┌─ DATA BELOW

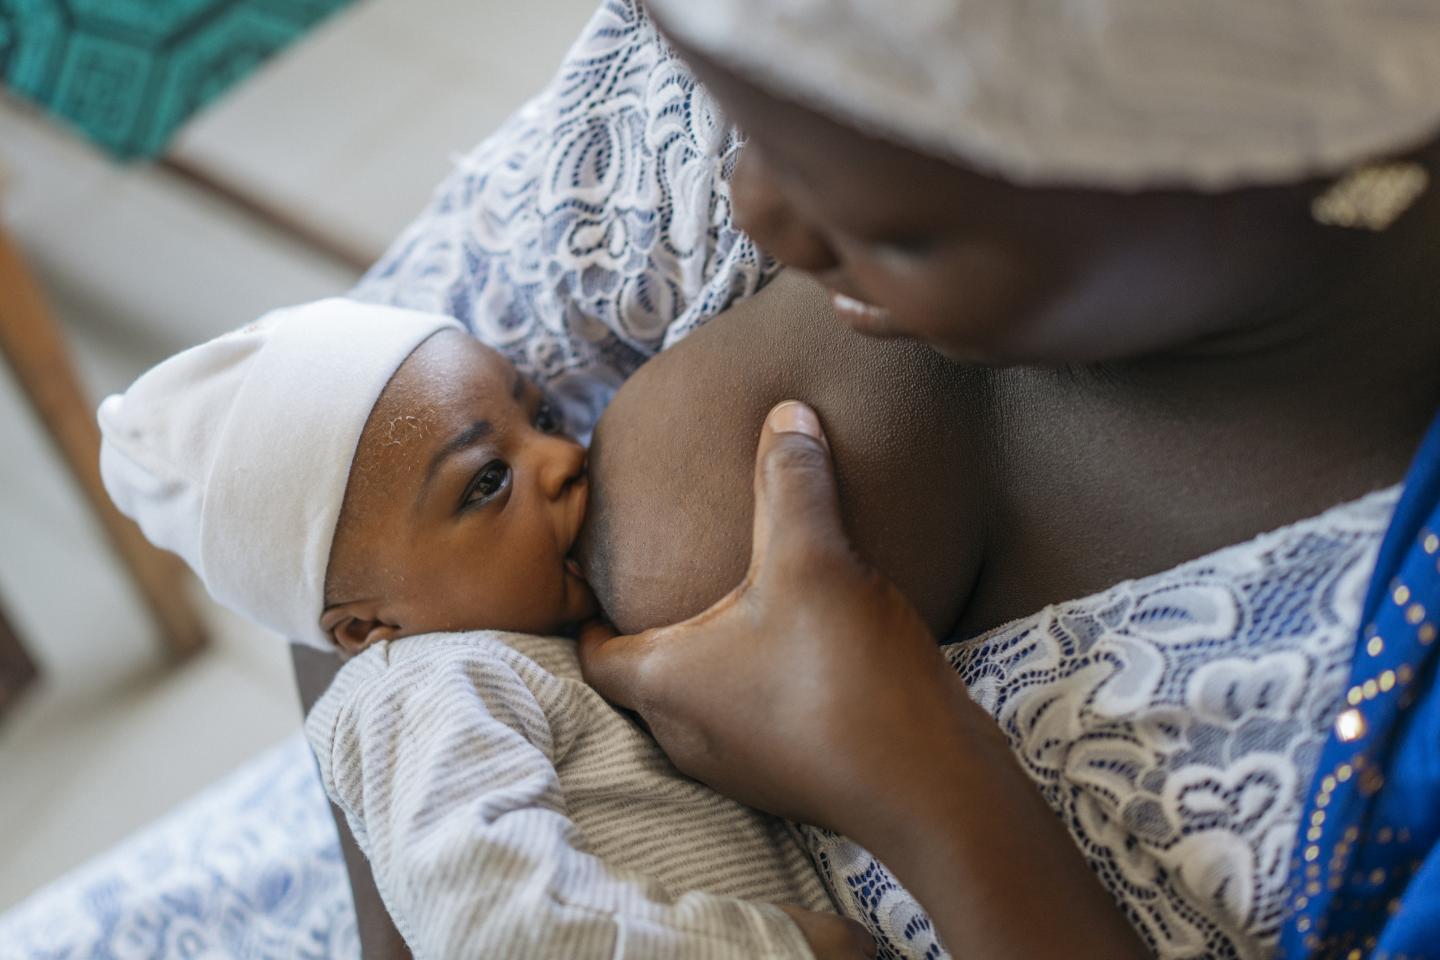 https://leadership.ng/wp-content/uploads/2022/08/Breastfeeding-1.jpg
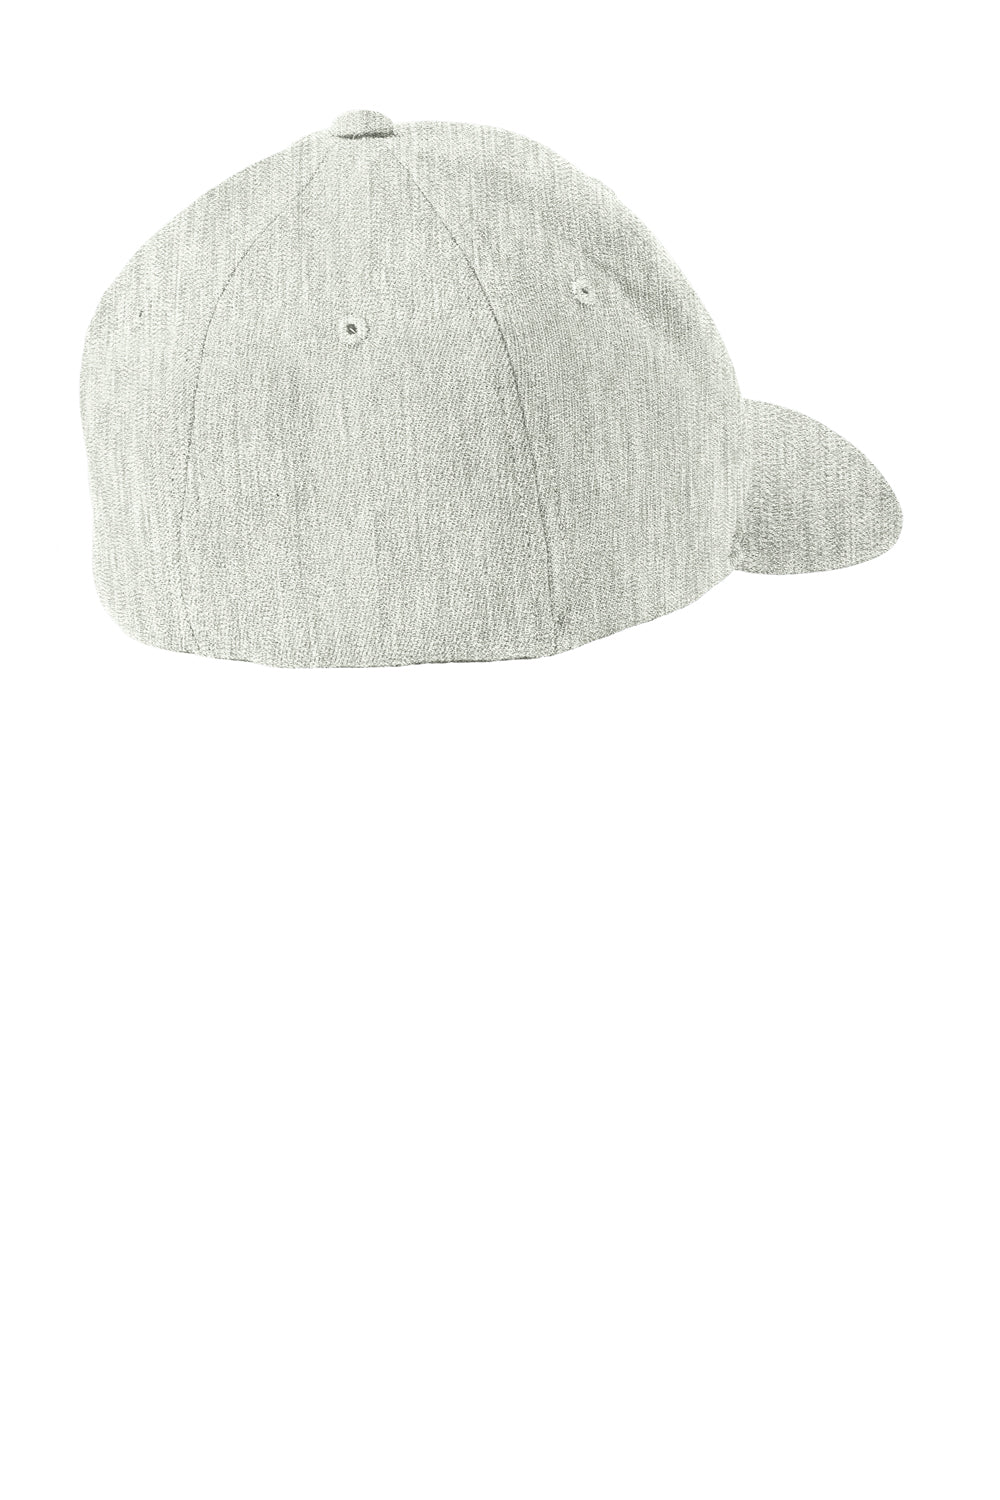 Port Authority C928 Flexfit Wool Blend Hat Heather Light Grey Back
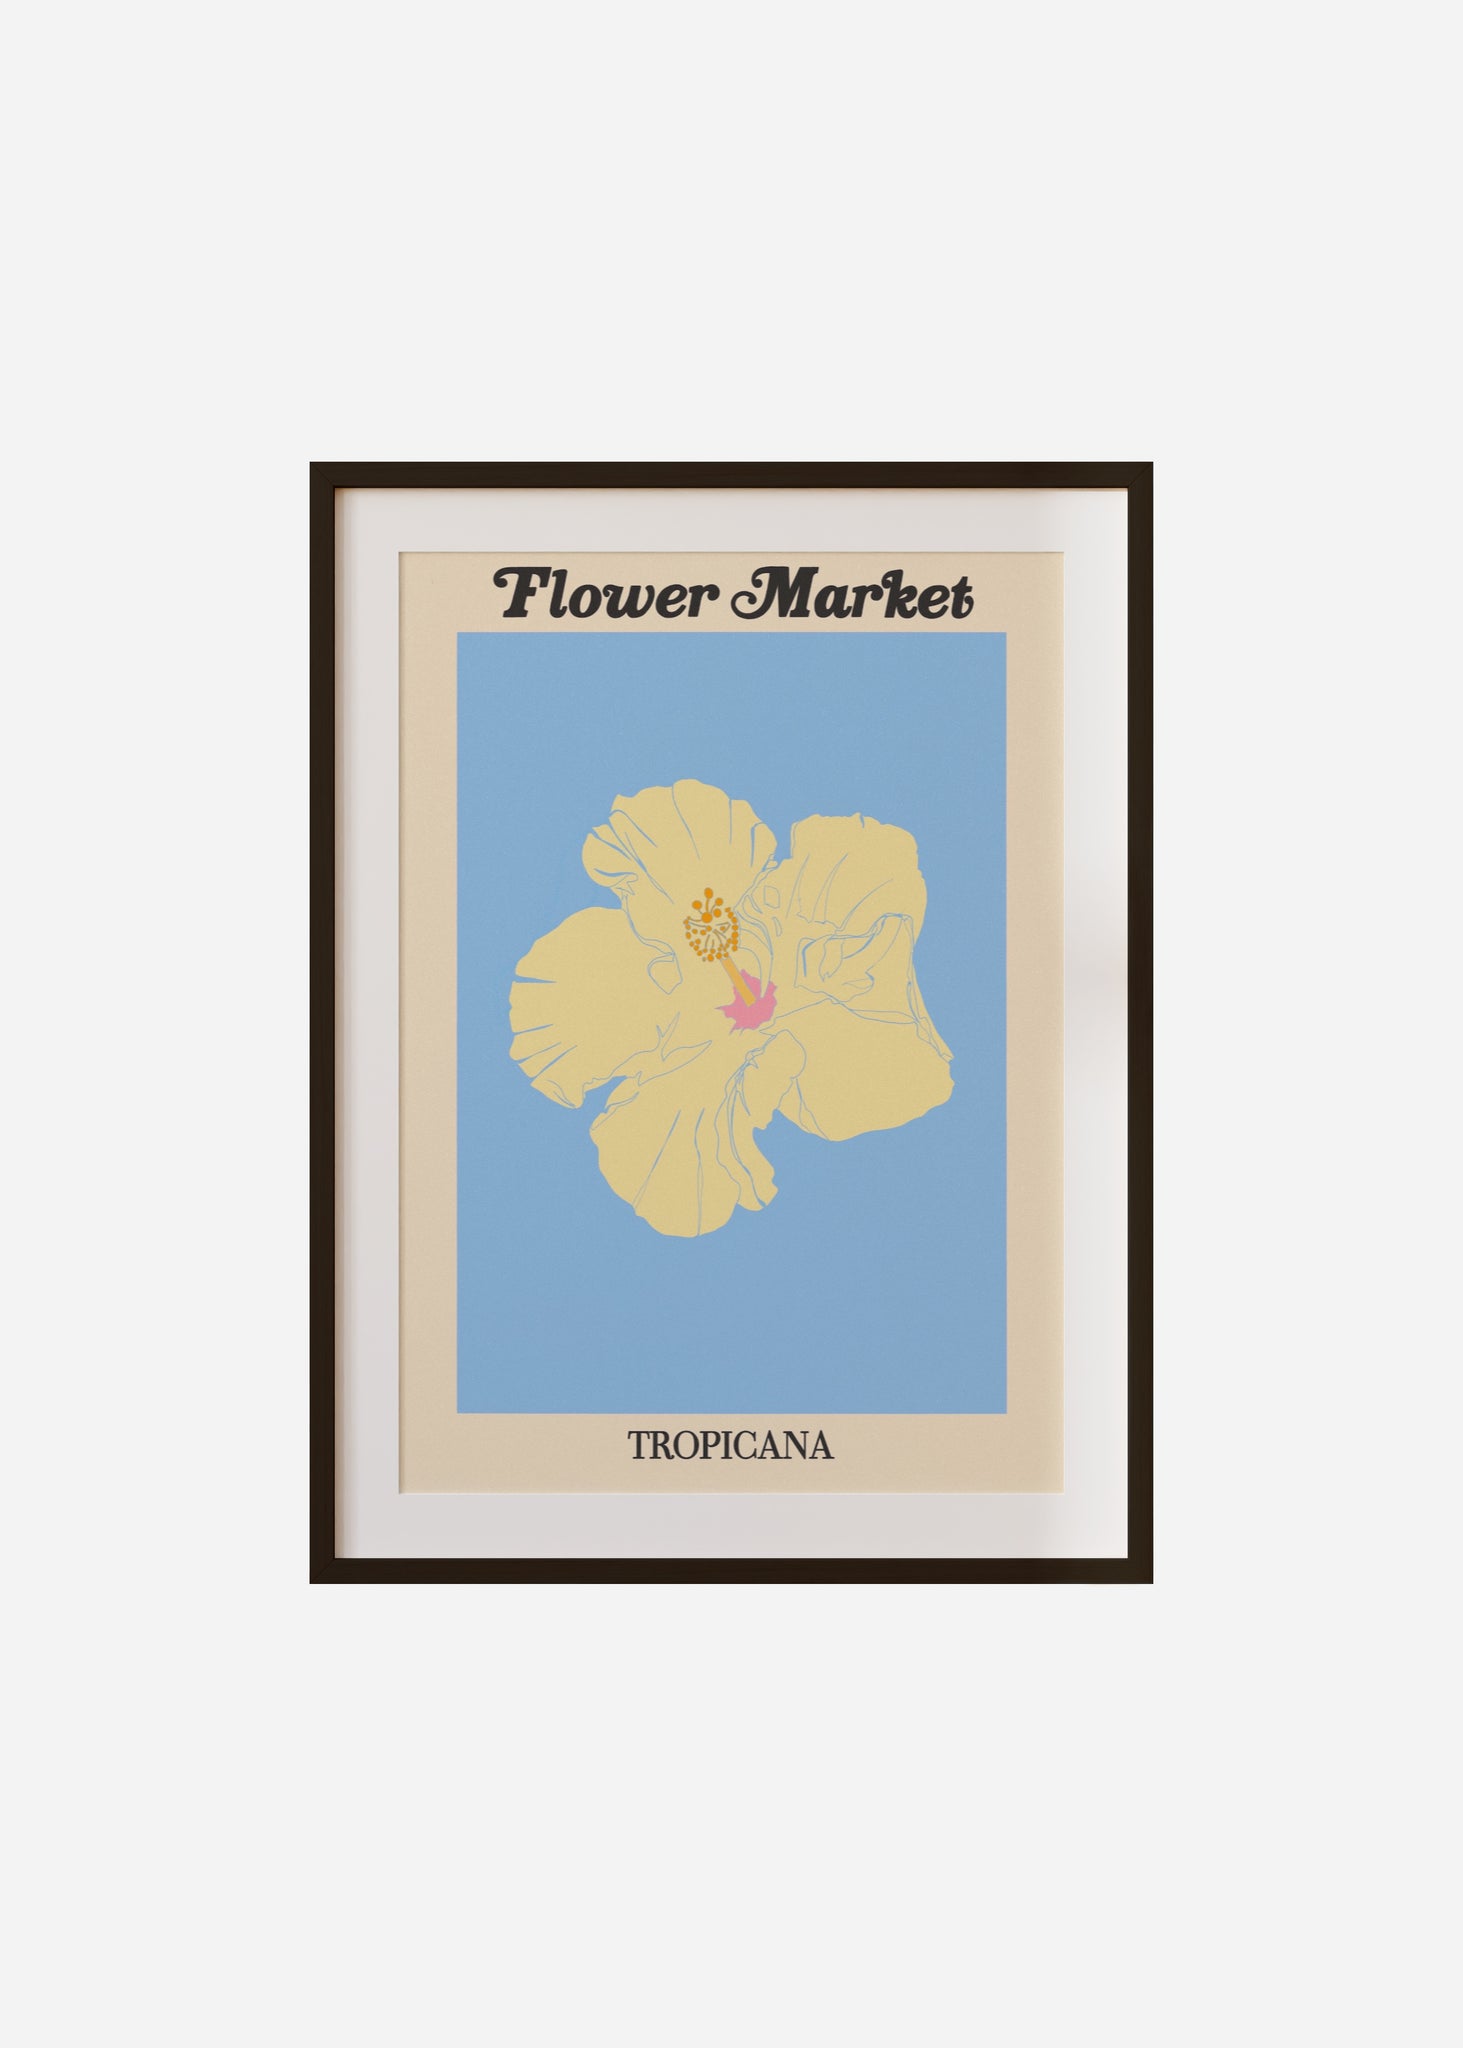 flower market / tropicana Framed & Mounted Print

└─

▶ _PROBLEM STATEMENT_
What is needed is a verbatim copy of the material, minus its pictures.

▶ _EXERCISE ANSWER_
 https://leadership.ng/wp-content/uploads/2022/08/Breastfeeding-1.jpg
 Port Authority C928 Flexfit Wool Blend Hat Heather Light Grey Back
 flower market / tropicana Framed & Mounted Print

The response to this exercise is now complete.